BMT unit1= Bone marrow transplant unit. Others2: C. haemulonii N = 3, C. metapsilosis N = 2, C. kefyr N = 1. *Pearson chi-square, ** Fisher exact test.

The Kaplan–Meier survival curve illustrates the impact of catheter management (Fig. 1A). Patients who had their catheters removed had greater survival compared to patients in whom the catheters were maintained (p = 0.029). Fig. 1B shows that patients who received antifungal drugs (for any reason) had greater survival than those who had not received any antifungal treatment (p = 0.033).

Fig. 1.

Kaplan Meier Survival Curve illustrating the impact of catheter management (1A) and previous exposure to antifungals (1B) in patients with candidemia.

(0.17MB).

Previous use of antifungal drugs (empiric and prophylactic regimens) as well as catheter removal were factors associated with better prognosis (p = 0.033; p = 0.029 respectively) (Fig. 1B).

Discussion

The present study documented an incidence rate of 1.2 candidemic episodes per 1000 hospital admissions.
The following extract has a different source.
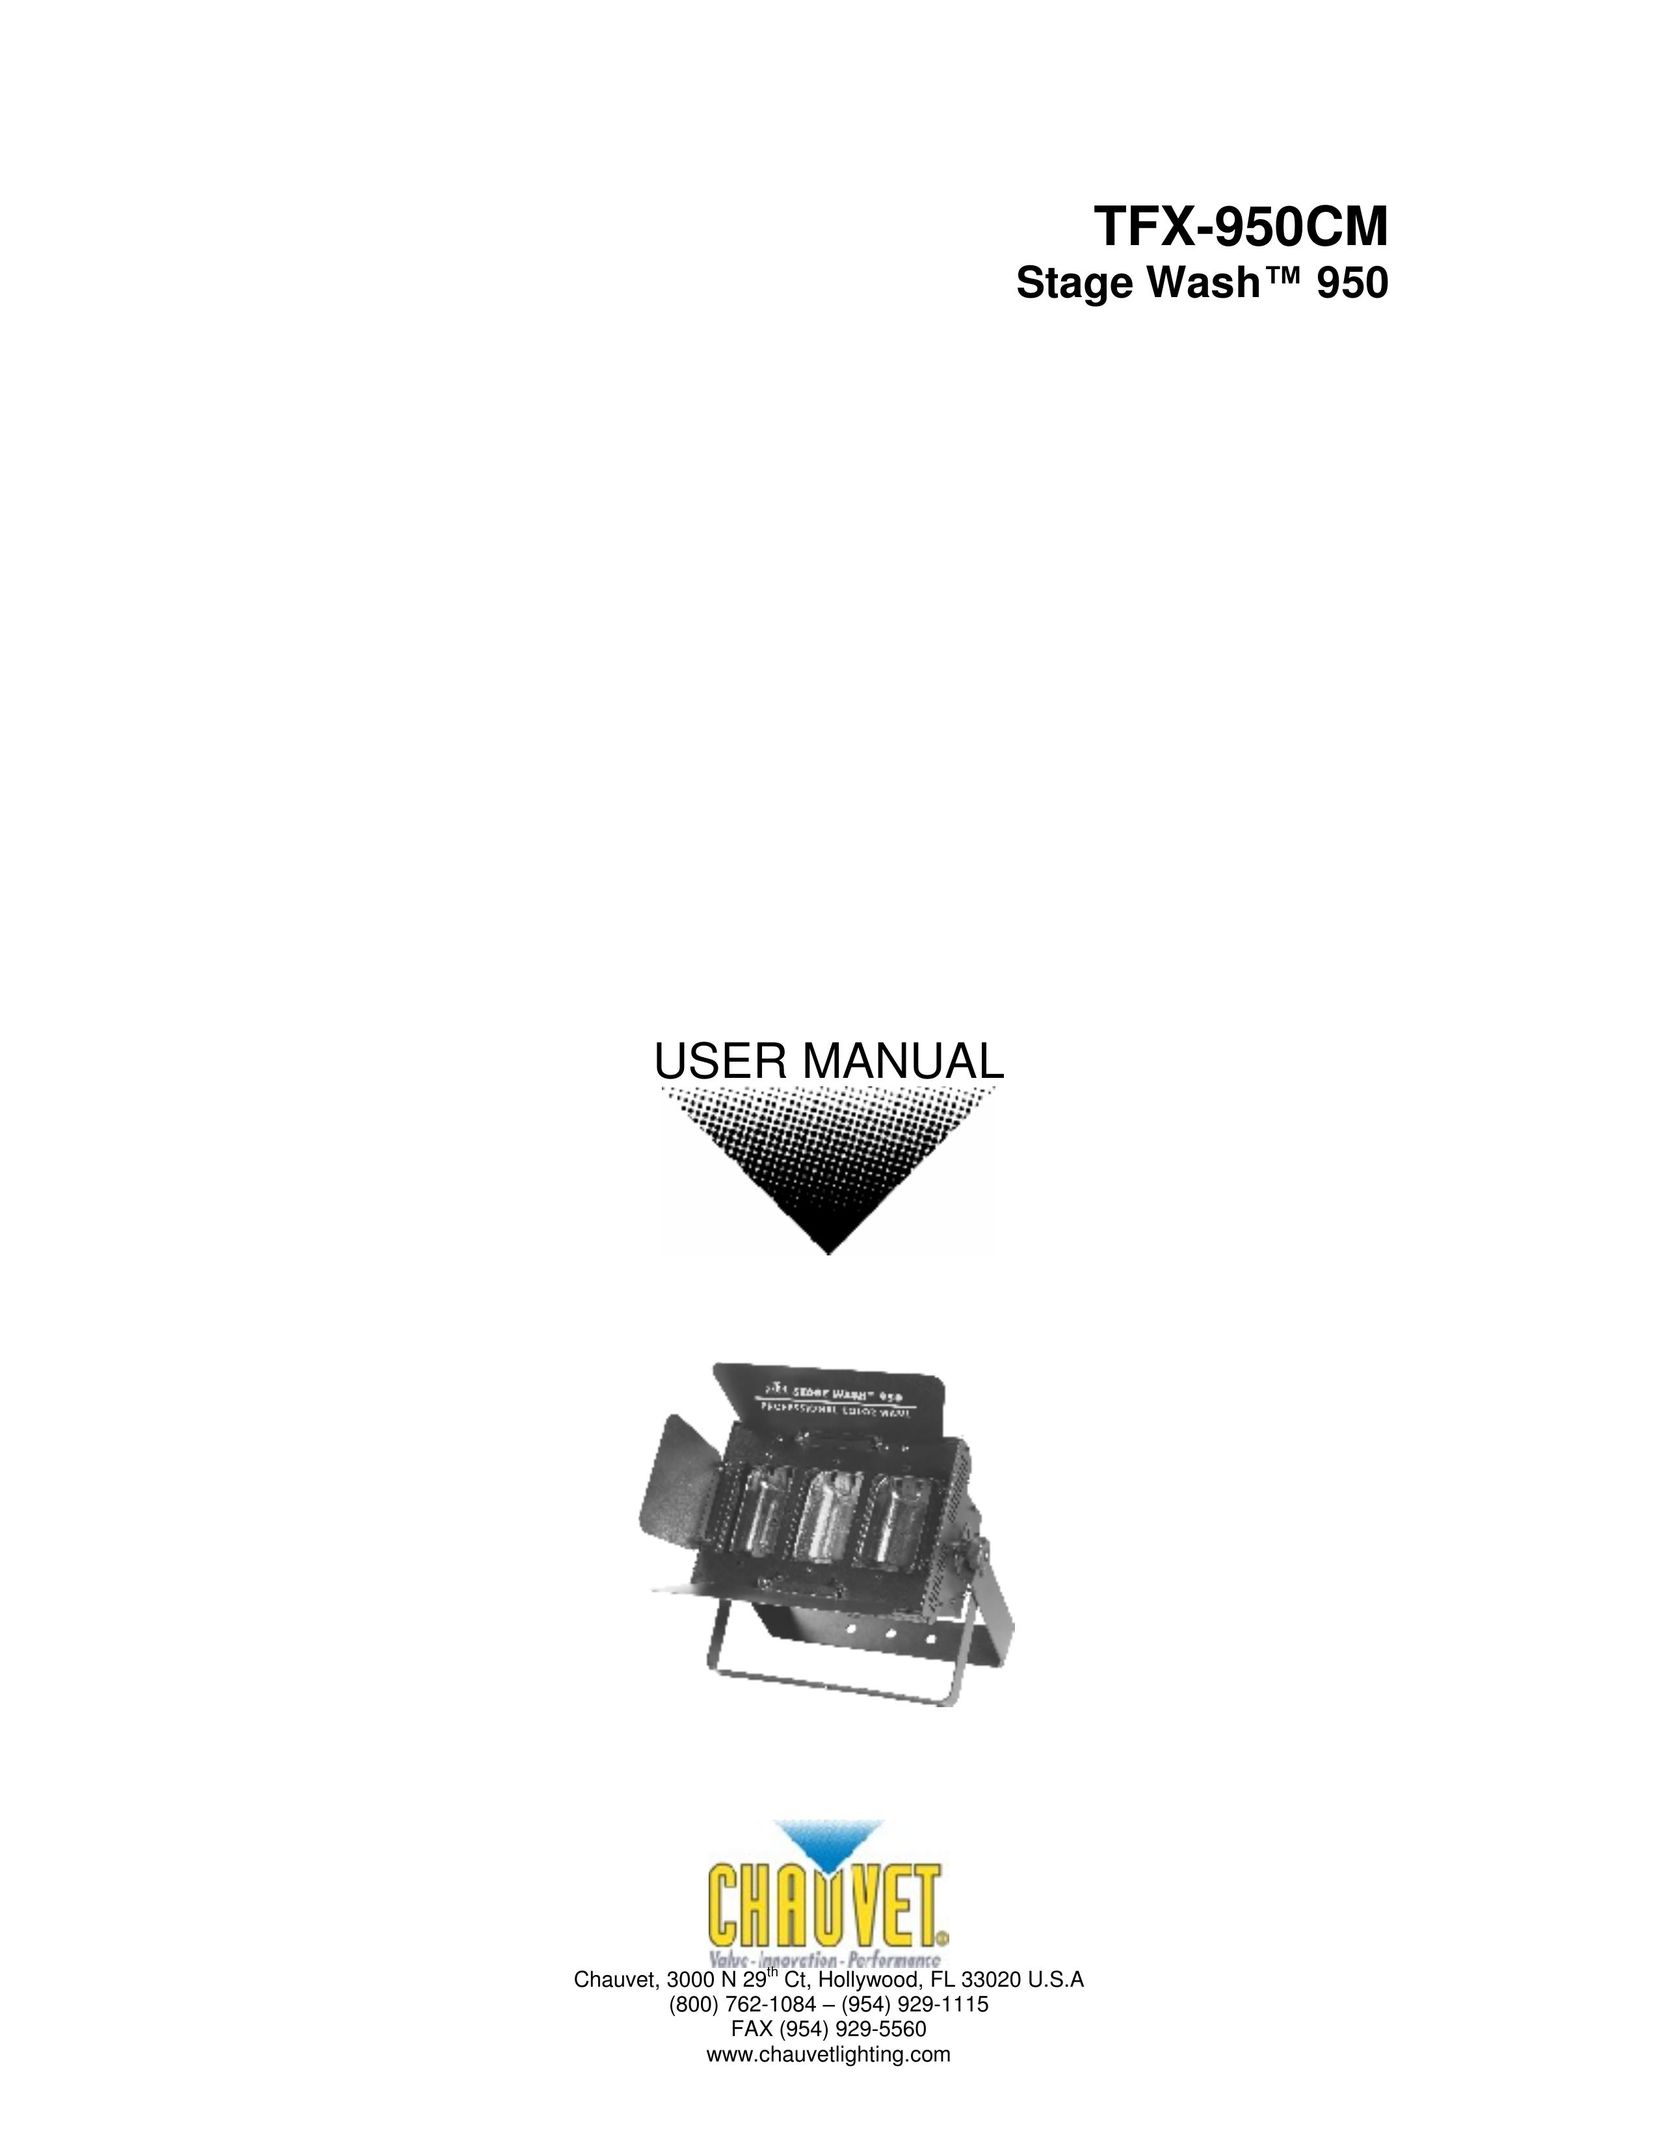 Chauvet TFX-950CM Work Light User Manual

The incidence of candidemia may change substantially from region to region and even among different medical centers. Of the eight hospitals involved in this study, three are university hospitals and one is university hospital and reference for oncology. Three other hospitals are exclusively cancer referral hospitals and one is a general hospital. In this regard, incidence rates in previous studies conducted in Brazil varied from 2.7/10,000 patients/day6 to 5.4/10,000 patients/day.7 Recently, a large case series enrolling a total of 331 episodes of candidemia found an incidence of 1.30/1000 admissions,19 a lower rate than previously reported. One previous report from a single center of Parana reported an incidence rate of 1.27/1000 admissions from 100 episodes of candidemia20 concluding that the incidence in Brazilian studies are similar to the rate observed in the present study.
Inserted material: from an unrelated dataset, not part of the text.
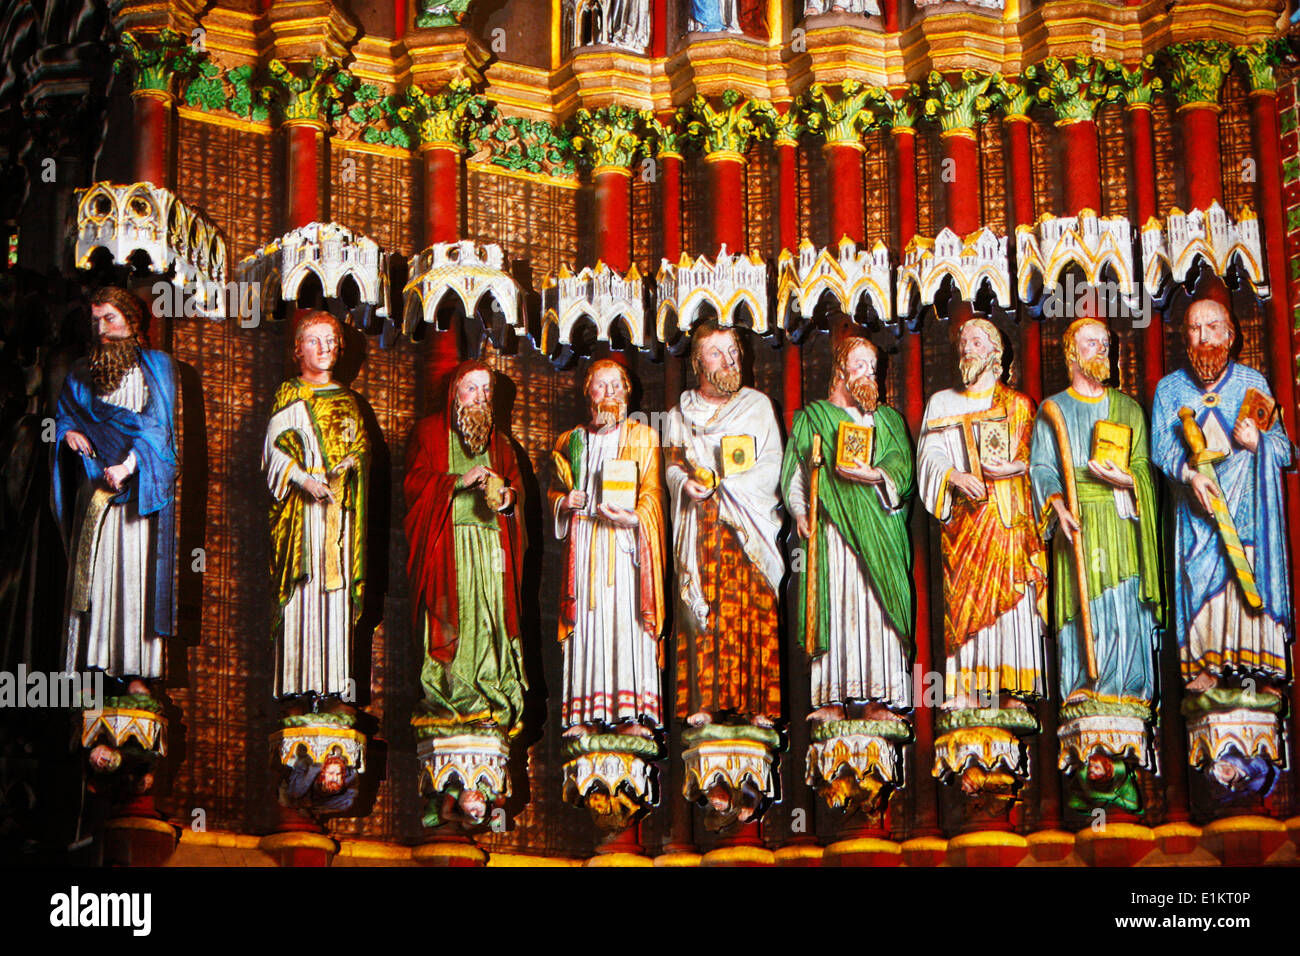 Amiens cathedral illumination Stock Photo

Adults and pediatric populations had similar prevalence rates of comorbidities (with the exception of prematurity) and exposure to risk factors. Pediatric patients had a higher percentage of candidemia caused by C. parapsilosis and a lower mortality rate compared to adults, in line with other reports.21,22

C. parapsilosis accounted for a large number (23%) of candidemia episodes in the present series, as found in other Latin American studies.2,5 Indeed, C. parapsilosis has been associated with outbreaks in adult and neonate ICUs23–25 and dialysis units, reinforcing the importance of enhancing our standards for the management of patients with central lines to mitigate the rates of catheter related candidemia in our hospitals.26

C. tropicalis is the second or third most common etiological agent of candidemia in Latin America, including Brazil.27,28 In the US and Europe, this species has been particularly found in patients with hematological malignancies and neutropenia and is usually related to poor prognosis.29 Most isolates of C. tropicalis in medical centers of Latin America are susceptible to triazoles but some Brazilian centers have reported fluconazole resistance ranging from 7.3% to 25%.30,31

The main concern with increasing rates of non-albicans candidemia is related to the emergence of C. glabrata and C. krusei isolates, which show low susceptibility to fluconazole.32,33 In the present study, there were few infections caused by C. glabrata, which may be due to the smaller number of patients aged ≥ 60 years and a history of prophylactic exposure to fluconazole. Besides C. glabrata, few episodes of C. krusei, commonly found in patients with malignant diseases and organ transplant recipients and intrinsically resistant to fluconazole34 were also found.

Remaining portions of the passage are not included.